Here are some options to generate subset from separate databases to produce data that is complete and cohesive:

* [Use deterministic `WHERE` clauses](#subsets-cross-data-base-deterministic-where-clauses)
* [Use pre-computed record lists](#subset-cross-database-precomputed-record-list)
* [Run the subsetting jobs serially](#subset-cross-database-run-serially)
* [Using database links or linked servers](#subset-database-links-linked-servers)

In all cases, when you generate subsets across different databases, you must [use consistency](#subset-cross-database-consistency) to ensure that common columns have the same values in each subset.

## Using deterministic WHERE clauses <a href="#subsets-cross-data-base-deterministic-where-clauses" id="subsets-cross-data-base-deterministic-where-clauses"></a>

One way to produce complete and cohesive data across databases is to use deterministic `WHERE` clauses in your target table configuration. A deterministic `WHERE` clause always produces the same results, and is never random.

A percentage is not deterministic. Structural selects a specific number of records, but selects those records at random.

Not all `WHERE` clauses are deterministic. For example, the Users, Service1, and Service2 databases each have a `TotalValue` column that reflects the total spent as a whole and for each service. Filtering based on `TotalValue` does not guarantee that you get a cohesive set of records.

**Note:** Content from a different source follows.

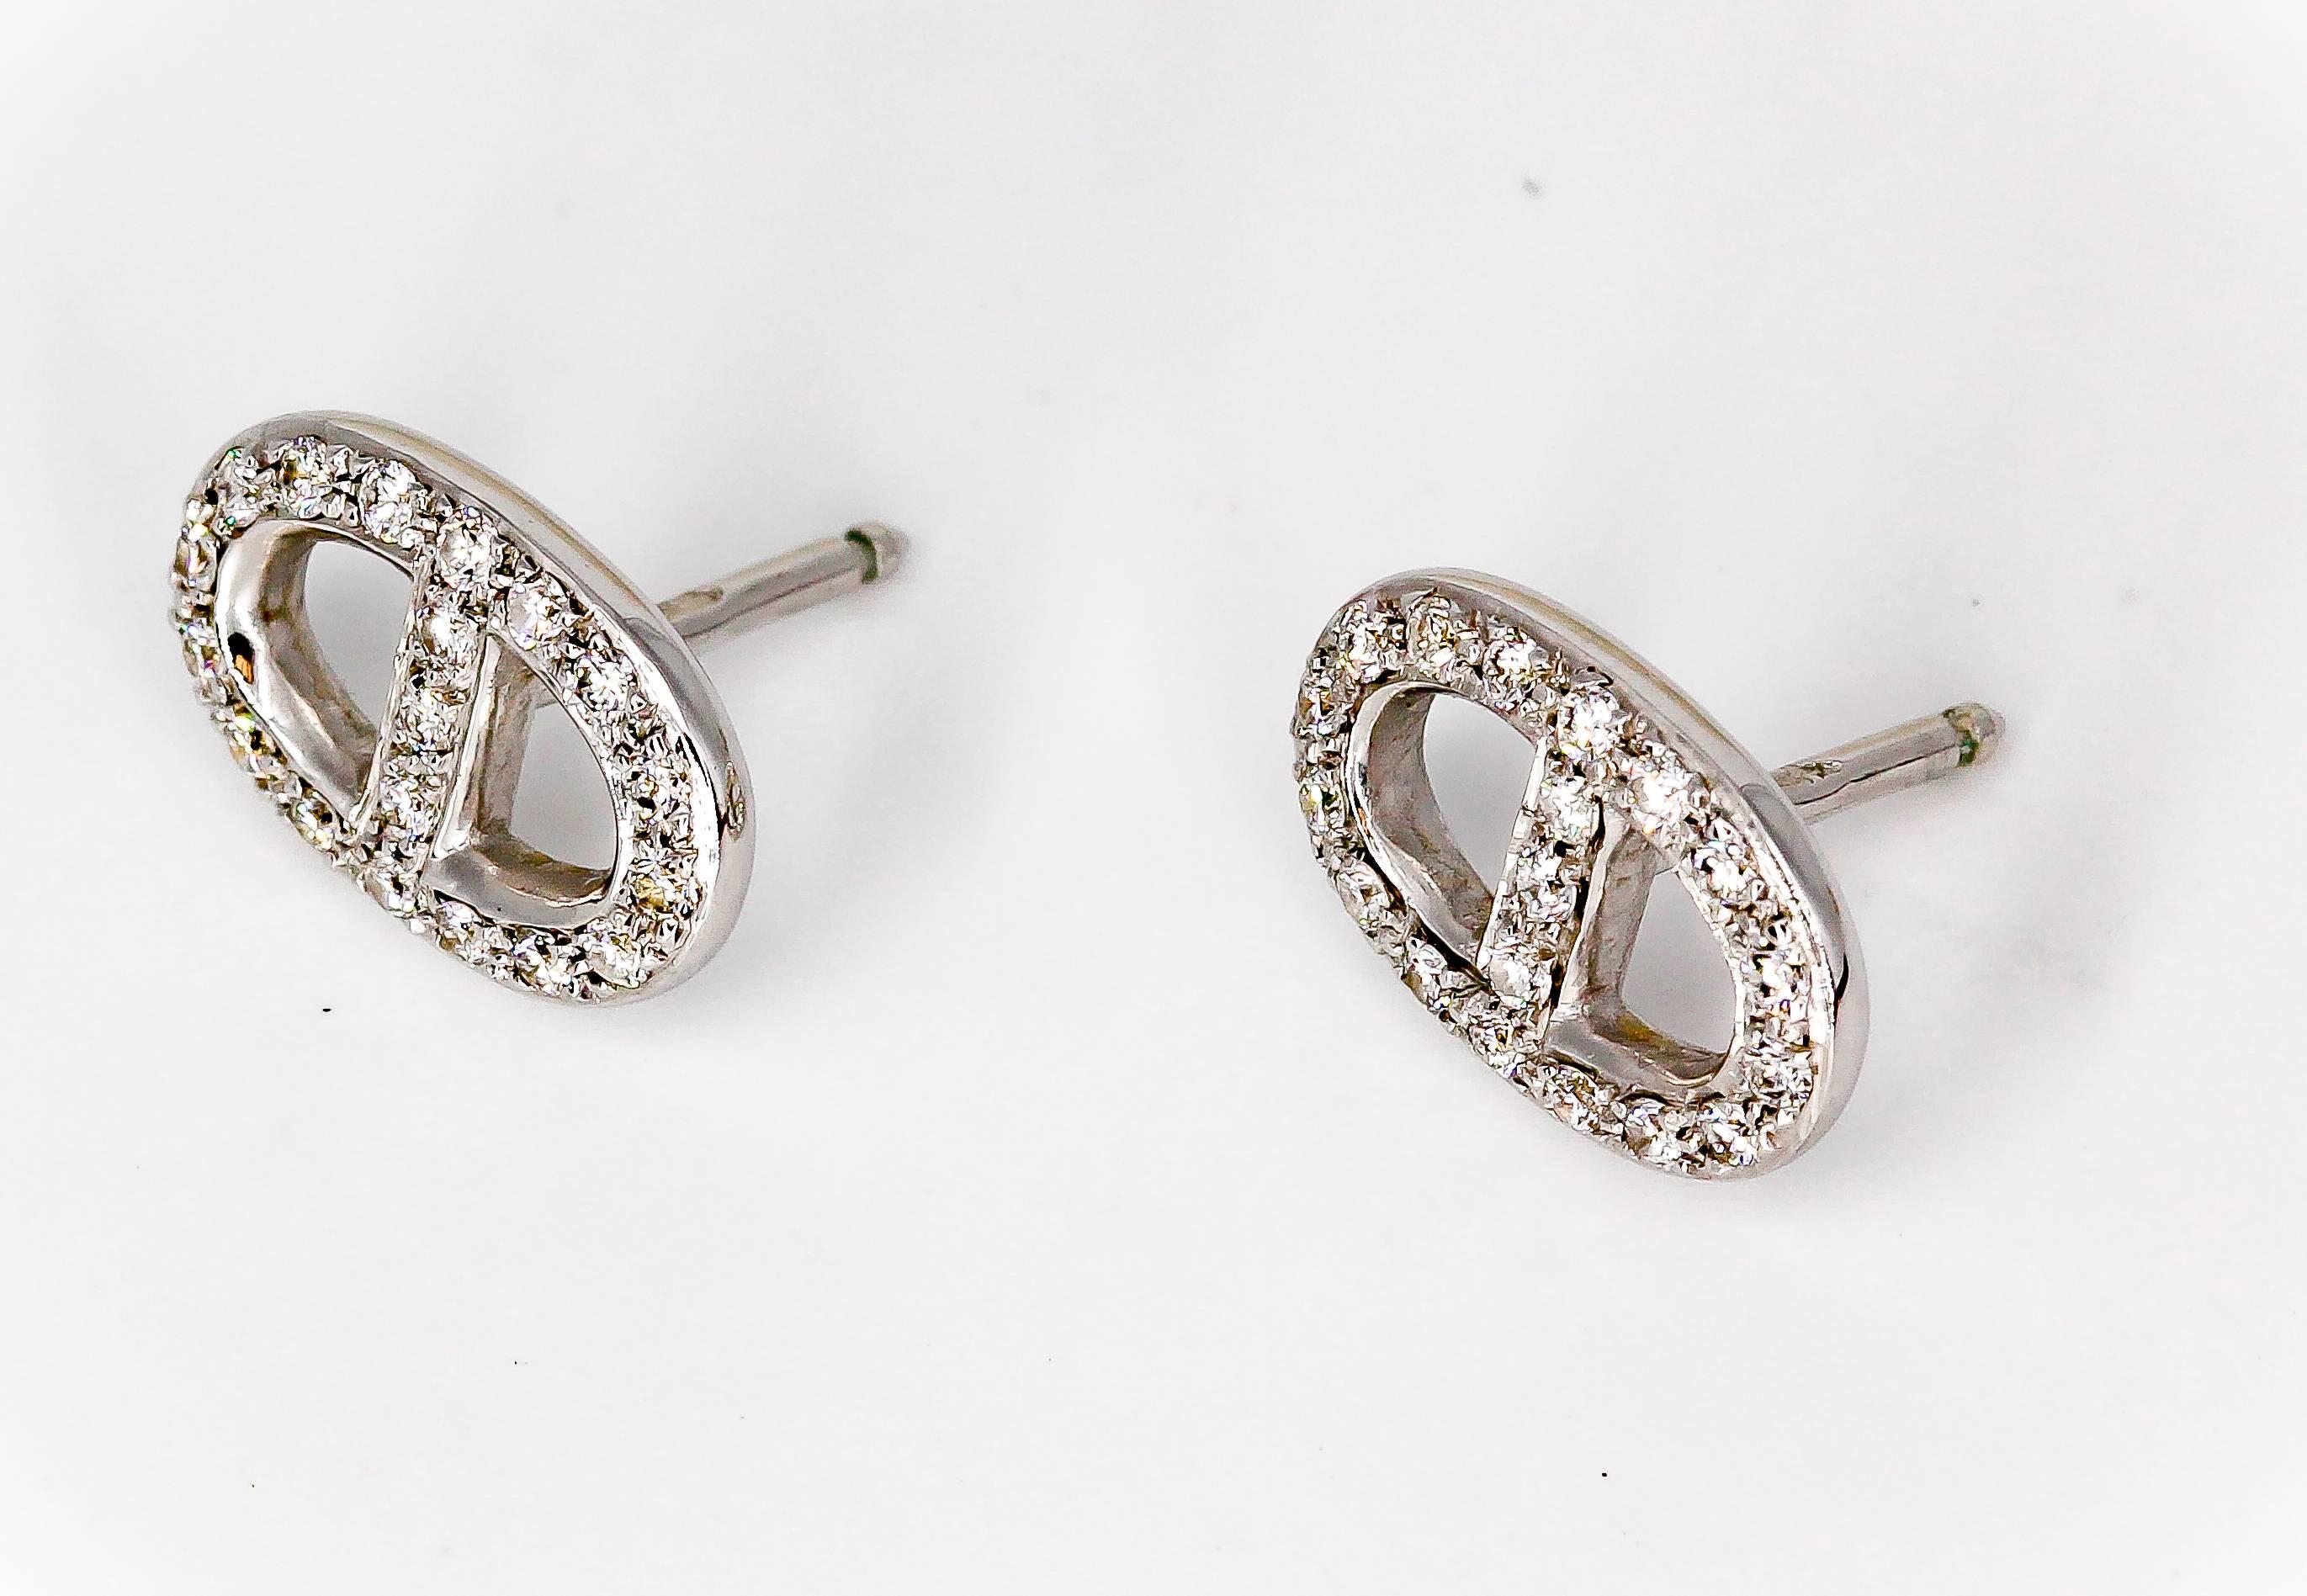 Elegant diamond and 18K white gold earrings from the "Chaine D'Ancre" collection by Hermes. They feature high grade round brilliant cut diamonds throughout.

Hallmarks: Hermes, Au750, reference numbers, French gold assay mark, maker's mark.

Instead, provide a `WHERE` clause that can be used in each database to produce a cohesive set of records across the databases. For example, use a `WHERE` clause to look for a specific set of UUID values in each database.

In our example, if we target the same set of user UUIDs in the Users, Service1, and Service2 databases, we produce a complete and cohesive set of records for those users.

When you use a deterministic `WHERE` clause in each database, you can run the subsetting jobs independently.

## Using pre-computed record lists <a href="#subset-cross-database-precomputed-record-list" id="subset-cross-database-precomputed-record-list"></a>

This is somewhat similar to using a deterministic `WHERE` clause. It is one way to provide input to create a deterministic `WHERE` clause.

You can run a query outside of Structural, and then use the results as input to the subset configuration. For example, you could run a query to identify users that are located in the United States.

One way to use the results would be to store the results somewhere in a database that is accessible to each workspace and that you can reference in the `WHERE` clauses. You could also return the result as a hard-coded list, and create `WHERE` clauses that use an `IN()` filter that contains a long list of these hard-coded values. You could even use the Structural API to update the `WHERE` clause values as a part of an automated process.

This method allows you to run the subsetting jobs independently.

## Running subsetting jobs serially <a href="#subset-cross-database-run-serially" id="subset-cross-database-run-serially"></a>

Another option is to run the jobs on the workspaces serially. The results of a job on one workspace feed into the job on the next workspace.

To do this, you run the first job, which can have a target percentage or a non-deterministic `WHERE` clause.

After this job completes, use the results as input to a `WHERE` clause in the second workspace. For example, the results might be a set of user ID values.

Depending on how the databases are set up, you might be able to query the results directly. For fully isolated databases, you could export the list and hard-code it in the `WHERE` clause of the second workspace.

You can only use this option if the relevant column values are not changed by the generation process. If the column has a generator applied, then the output column values from the first database do not exist in the source column values in the second database.

## Using database links or linked servers <a href="#subset-database-links-linked-servers" id="subset-database-links-linked-servers"></a>

The previous options are ideal for when the related databases are completely isolated from each other.

However, in some cases you can connect different database instances directly to query across them. Many database engines provide this capability, such as:

* Oracle database links
* SQL Server linked servers
* PostgreSQL foreign-data wrapper with foreign server

If your environment allows and supports these mechanisms, then you can directly reference the external server in a query.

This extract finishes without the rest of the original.